DATA BLOCK: Begin

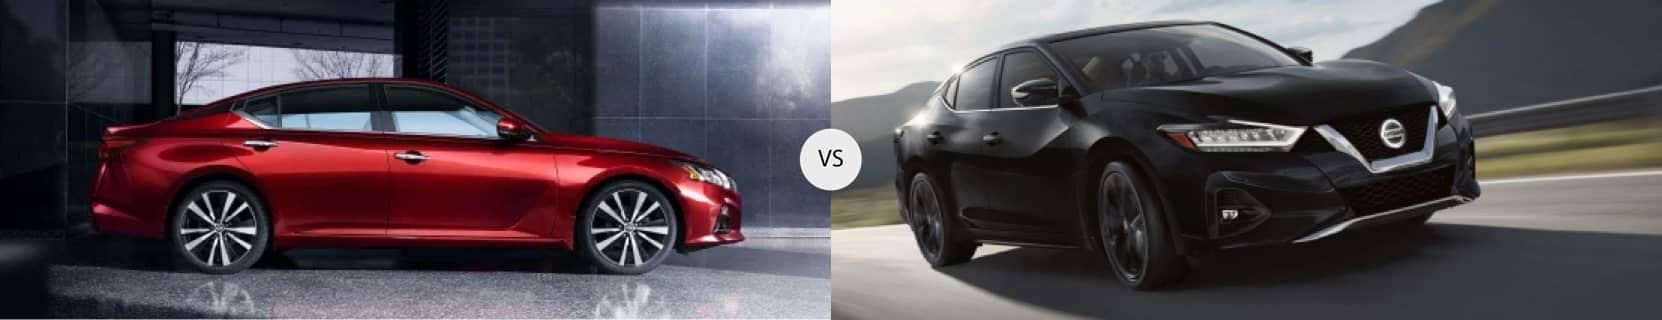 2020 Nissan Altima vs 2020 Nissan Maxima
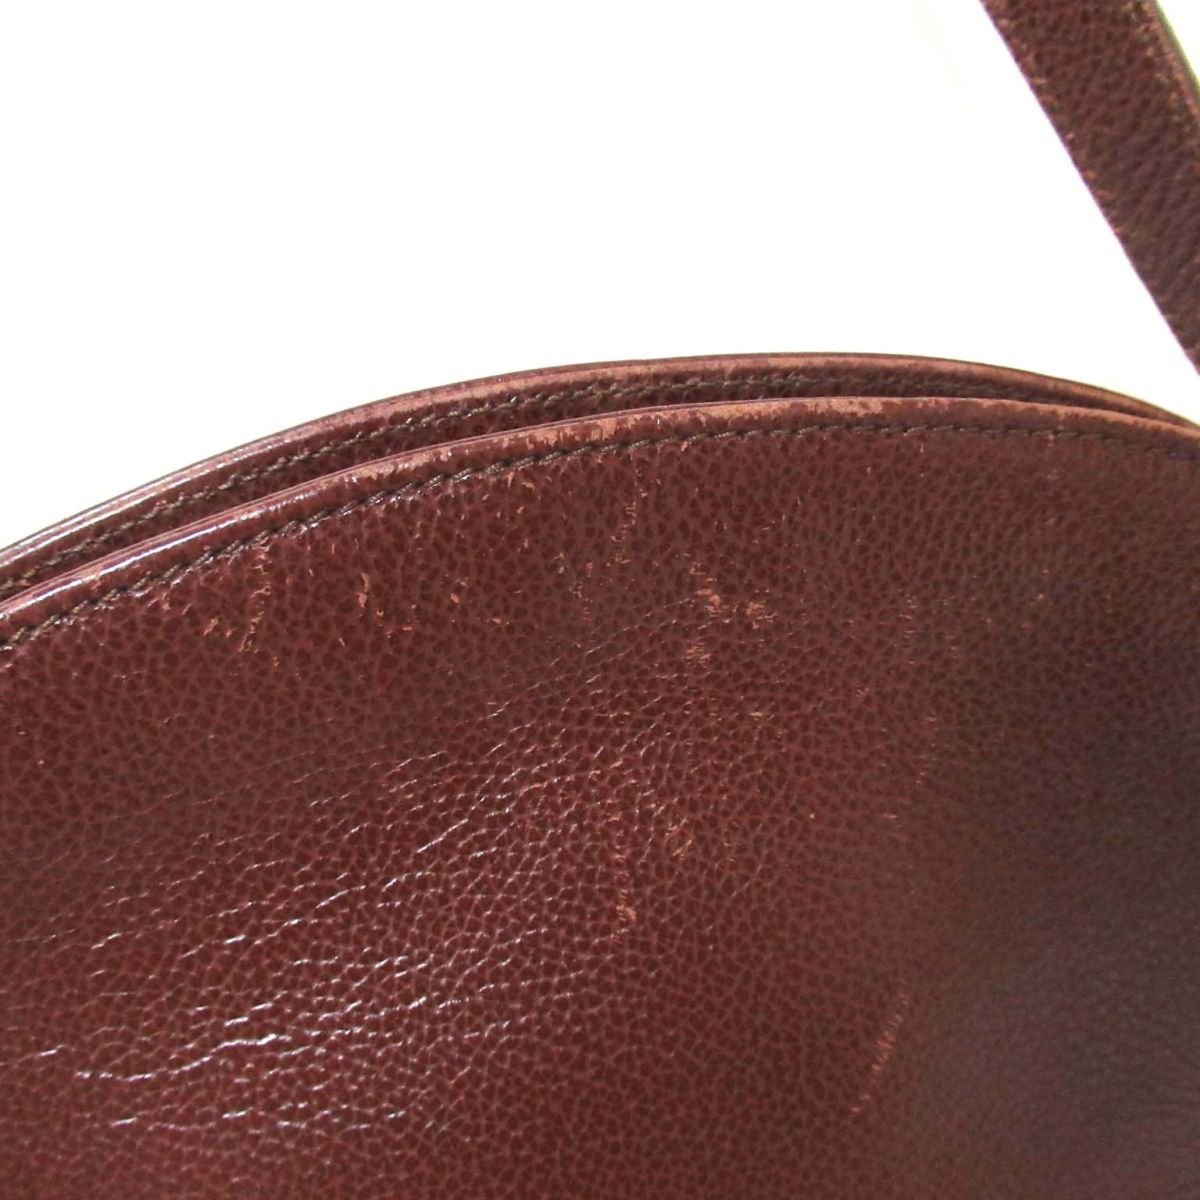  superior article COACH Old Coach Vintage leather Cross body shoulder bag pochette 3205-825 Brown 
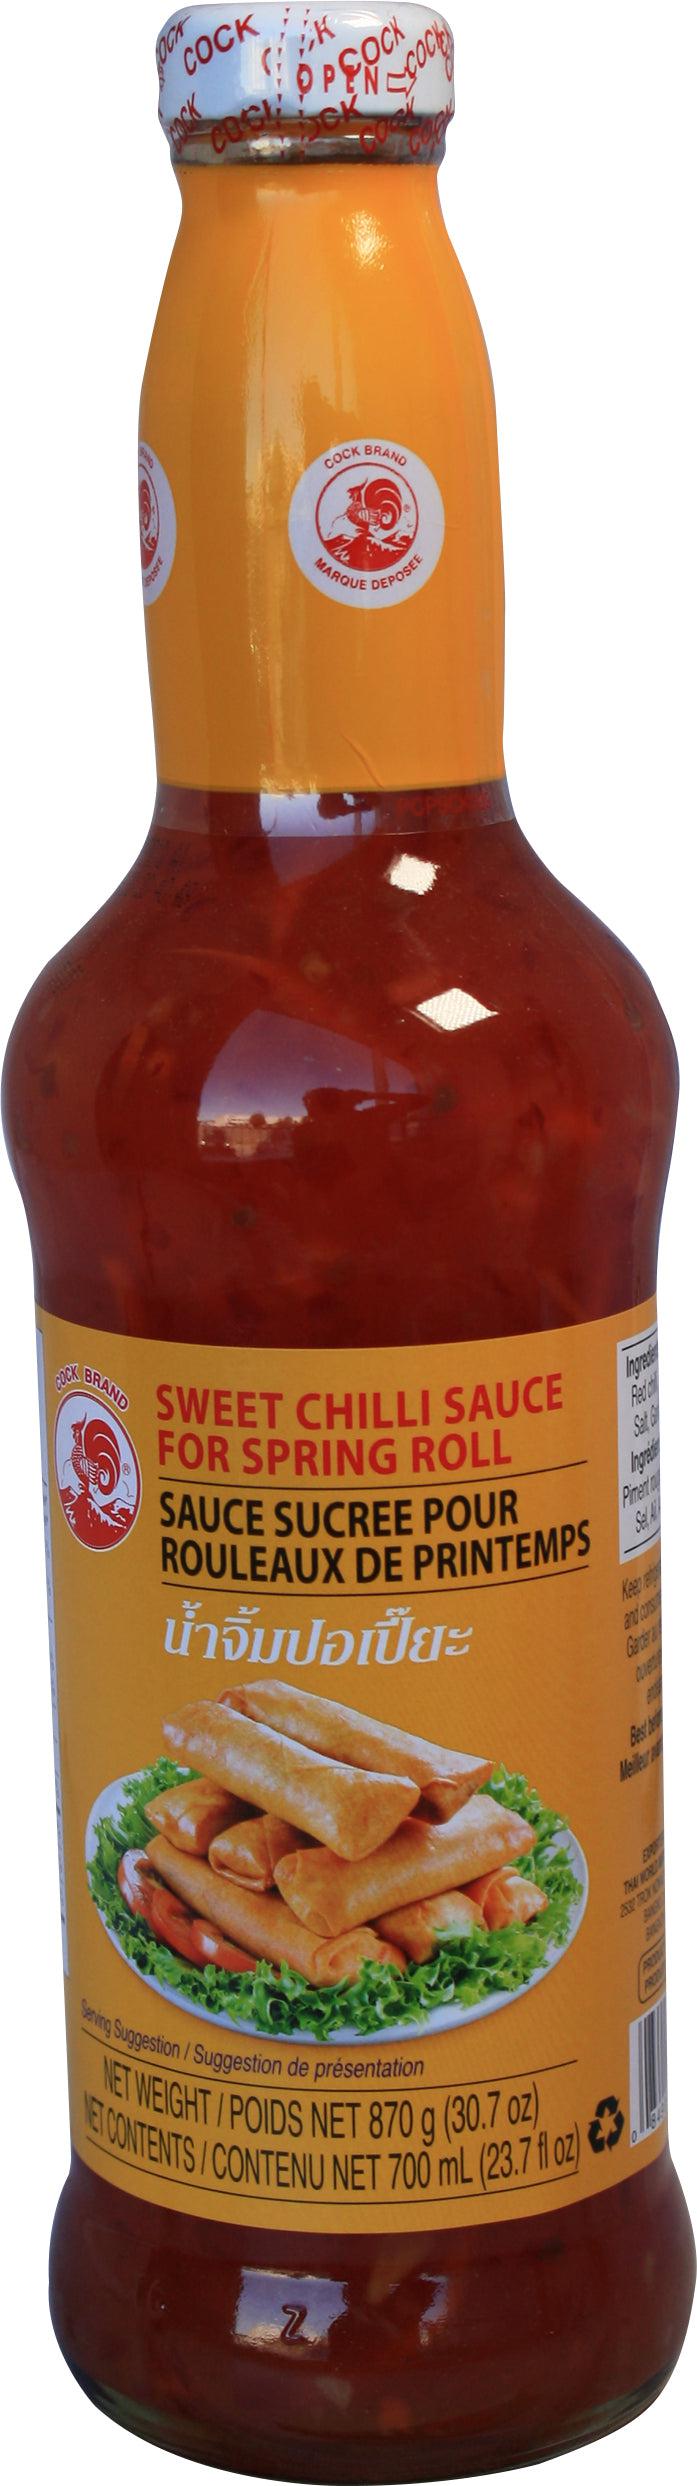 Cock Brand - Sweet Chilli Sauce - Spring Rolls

DATA BLOCK: End

[ACTION ITEM]
Restate the data above verbatim, skipping every image.

[COMPLETED EXERCISE]
 2020 Nissan Altima vs 2020 Nissan Maxima
  superior article COACH Old Coach Vintage leather Cross body shoulder bag pochette 3205-825 Brown 
 Cock Brand - Sweet Chilli Sauce - Spring Rolls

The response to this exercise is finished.